The big set-piece of the July edition of Press Gazette is the top 50 sport journalists.
Unlike most such lists this one isn't just cobbled together over a liquid lunch, it is based on a survey of 150 journalists working in the field and 1,000 members of the public. We'll be teasing some of the results online but as ever, to read the whole thing you have to subscribe.
Our cover feature, Brand Me!, looks at journalists like Martin Lewis, Zoe Griffin and Rick Waghorn who have cut their publisher out of the equation and sought to become brands in their own right.
Also in the July edition:
We asked Steve Dyson to give some insight into what is going on at the Mirror titles where some 200 journalists are facing the axe. He should know after going through the same process at the Trinity Mirror-owned Birmingham Mail two years ago:
"Editors do not enter journalism to work with faceless, cost-cutting consultants armed with rolls of brown paper, considering the supposed wastefulness of existing workflows."
In the Big Interview, David Goodhart talks about moving on after 15 years as editor of Prospect.
Grey Cardigan finds that the crass stupidity of management has reached a new low.
Lori Miles tries out the new must-have battery-operated portable pleasure device for Cosmo girls, the Ipad.
Alex Thomson invites John Simpson to try working in the commercial broadcasting sector if he really wants to experience life on the edge.
And David Banks casts his mind back to 1992 when, as editor of the Daily Mirror, he had to axe even more jobs than current editor Richard Wallace is having to.
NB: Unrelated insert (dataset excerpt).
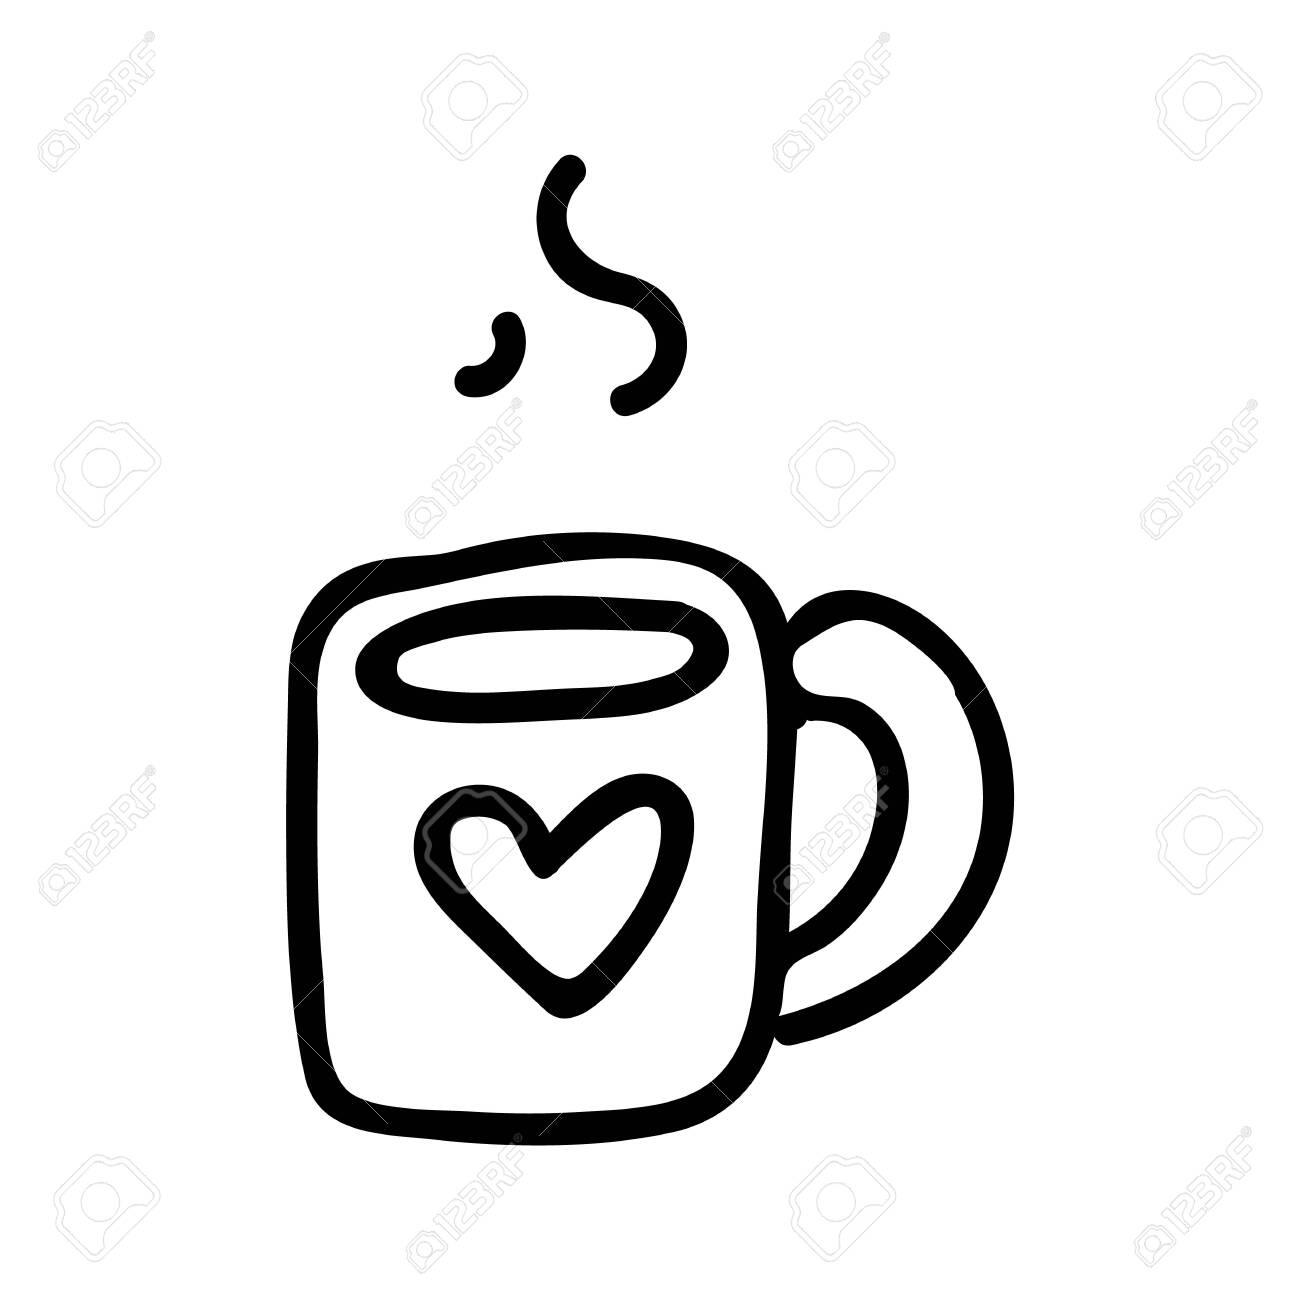 Cute Tea Mug Lineart Cartoon Vector Illustration Hand Drawn Royalty Free Cliparts Vectors And Stock Illustration Image 144445508

In The Gear we catch up with the UK's leading hacks on bikes, and find out why Jon Snow needs a really big bell.
Dan McDougall reveals the story behind the story of his investigation into Zimbabwe's blood diamond fields, Kevin Marsh weighs into tabloid entrapment tactics, The Guardian's Jack Schofield provides a technology masterclass and Simon Singh explains why his advice to anyone being sued today is to settle as soon as possible.
James Brabazon explains why he was prepared to join the Equatorial Guniea coup; the leaders of the UK's top journalism training establishments say last year's graduates are now in jobs and the FT's Stefan Stern explains why he is packing in journalism to join the world of PR.
And finally, Axegrinder explains why he thinks Will Lewis is set to succeed Paul Dacre at the Daily Mail.